One way or another, your app must validate the data it receives before processing it.

Schemas

You can write code to manually verify the data structure and report any issues to the user. The more times you implement this the more boring and error-prone it becomes, and you think: is there a library to make this more convenient?

The answer is yes, but the correct choice depends on the language you're working with.

Some languages have built-in types that easily map to YAML's data model. JavaScript is a good example: when you load a YAML document using js-yaml you receive a tree of JavaScript objects and values which hasn't been validated against any schema. Your code must handle situations where the input data is not formed how you expect, and you can use a general purpose validator that operates on JavaScript objects directly.

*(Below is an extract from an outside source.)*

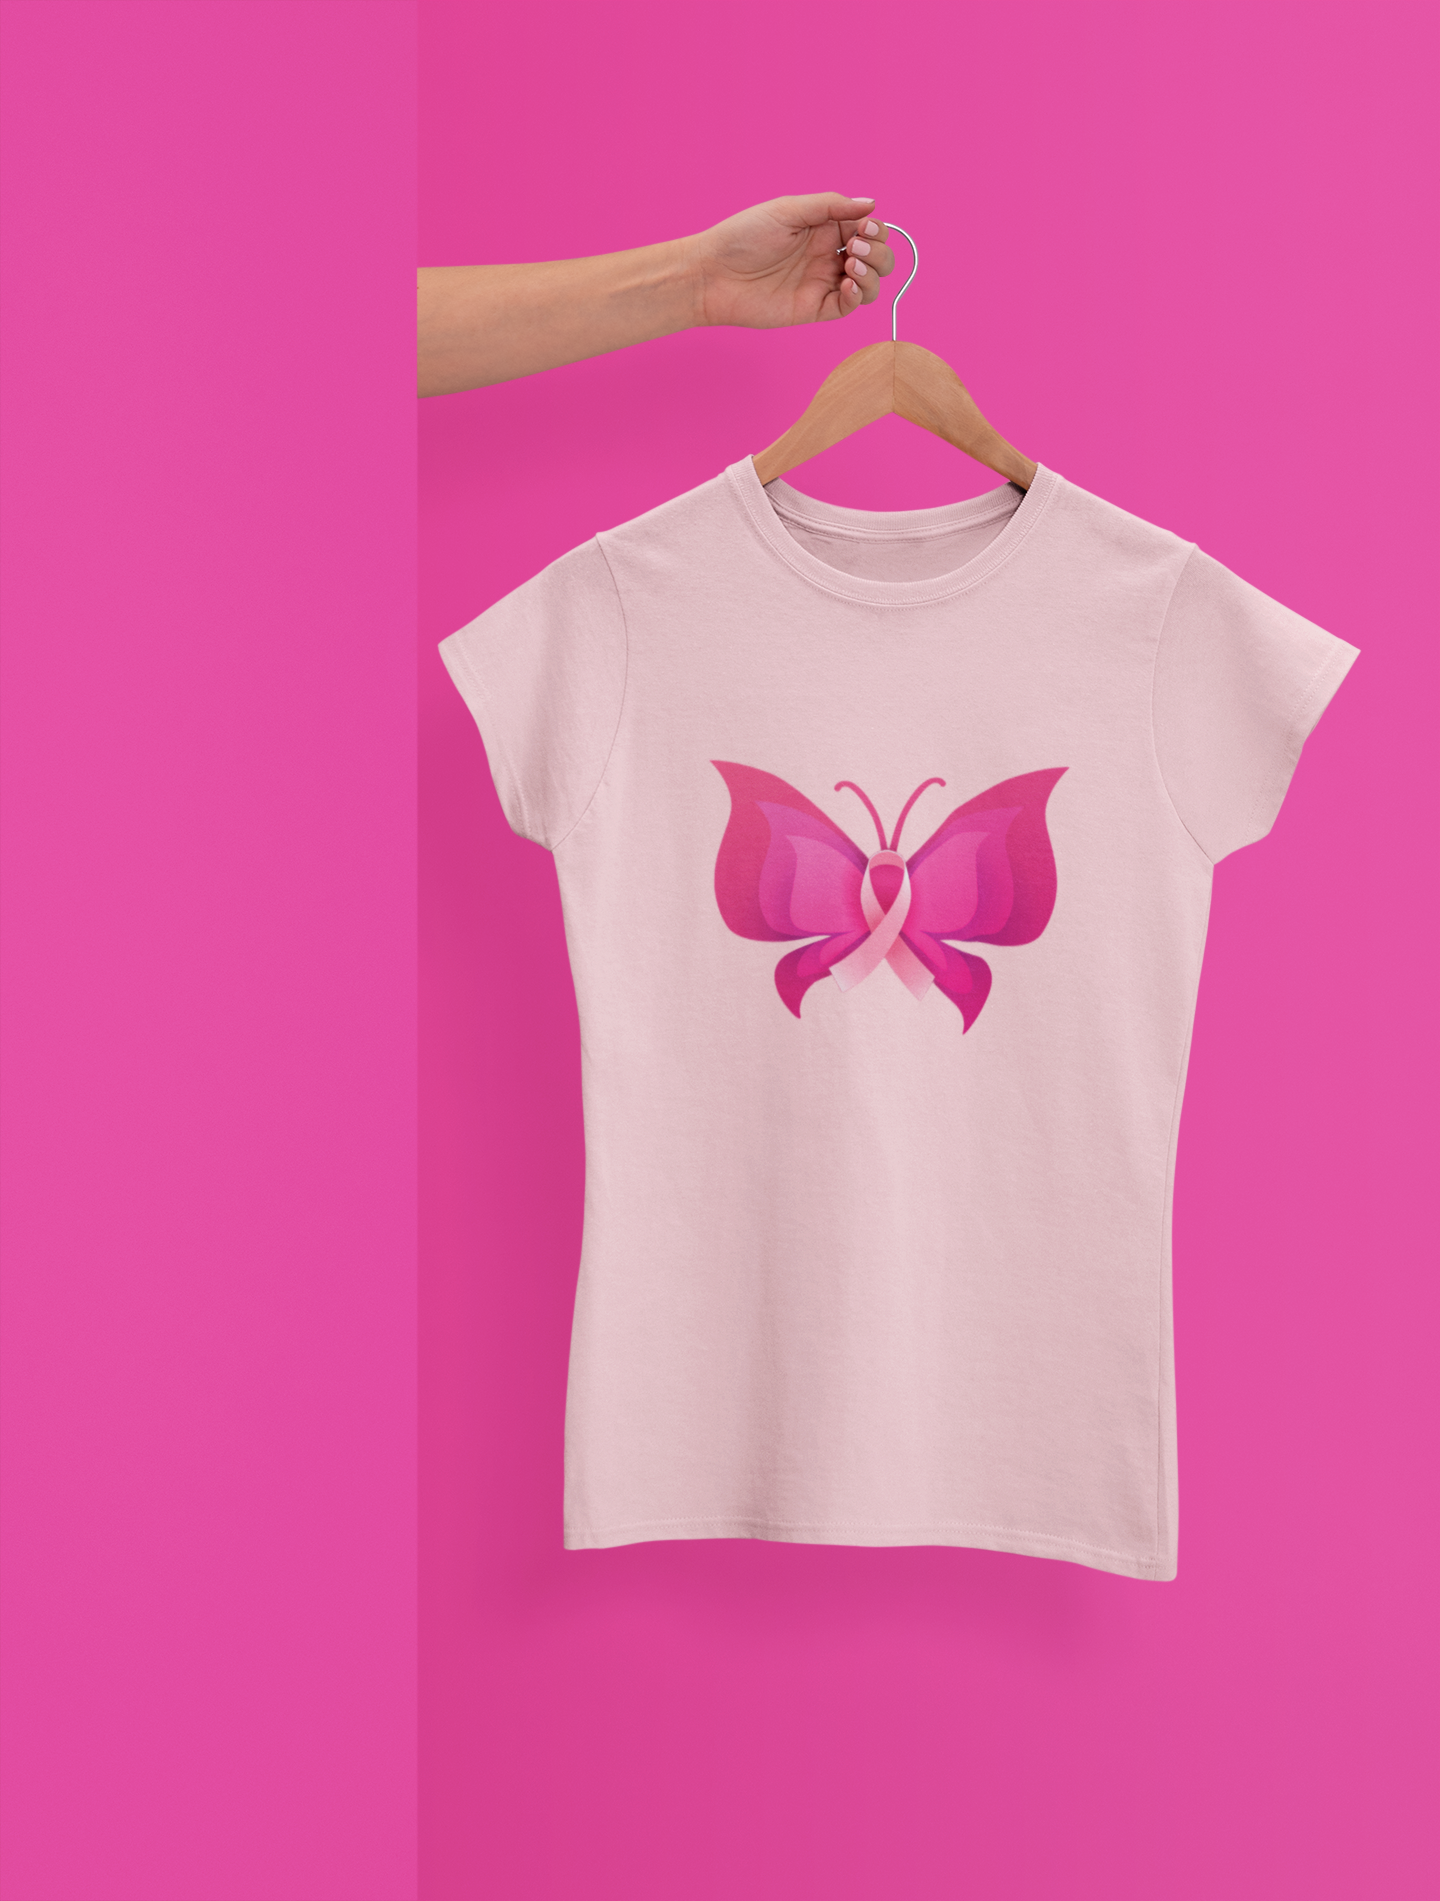 Breast Cancer Awareness - Fly The Butterfly Ribbon

In many cases a validator supports a reasonable subset of the YAML data model, which is fine when you know what to expect. JSON-Schema is one example: the JSON data model is very close to YAML, and it's commonly used to validate data read from YAML files. We might validate our country-list above with the following JSON-Schema:

$id: https://example.com/schema.json
$schema: https://json-schema.org/draft/2020-12/schema
type: object
properties:
  country-list:
    type: array
    items: { "type": "string" }

Other languages, such as C have no built-in way to represent YAML's model. A YAML library for a language like C must define its own types to represent the data, or use an alternative approach: the popular libyaml C library provides a low-level token-based API, which can be inconvenient to use. Some libraries improve on this by allowing developers to define a schema and data model in code. This has two benefits: library can validate the data before returning it to your app, and it can return it using types defined by you. Examples of this approach are libcyaml (for C), go-yaml (Go) and serde_yaml (Rust).

Libraries

So what's the safest and most convenient library to use for loading and validating YAML? Here are some recommendations grouped by language ecosystem.

C

Developed by Codethink engineer Michael Drake, libcyaml wraps the standard libyaml parser with a strongly-typed API for defining your data schema and loading it into structures defined by you.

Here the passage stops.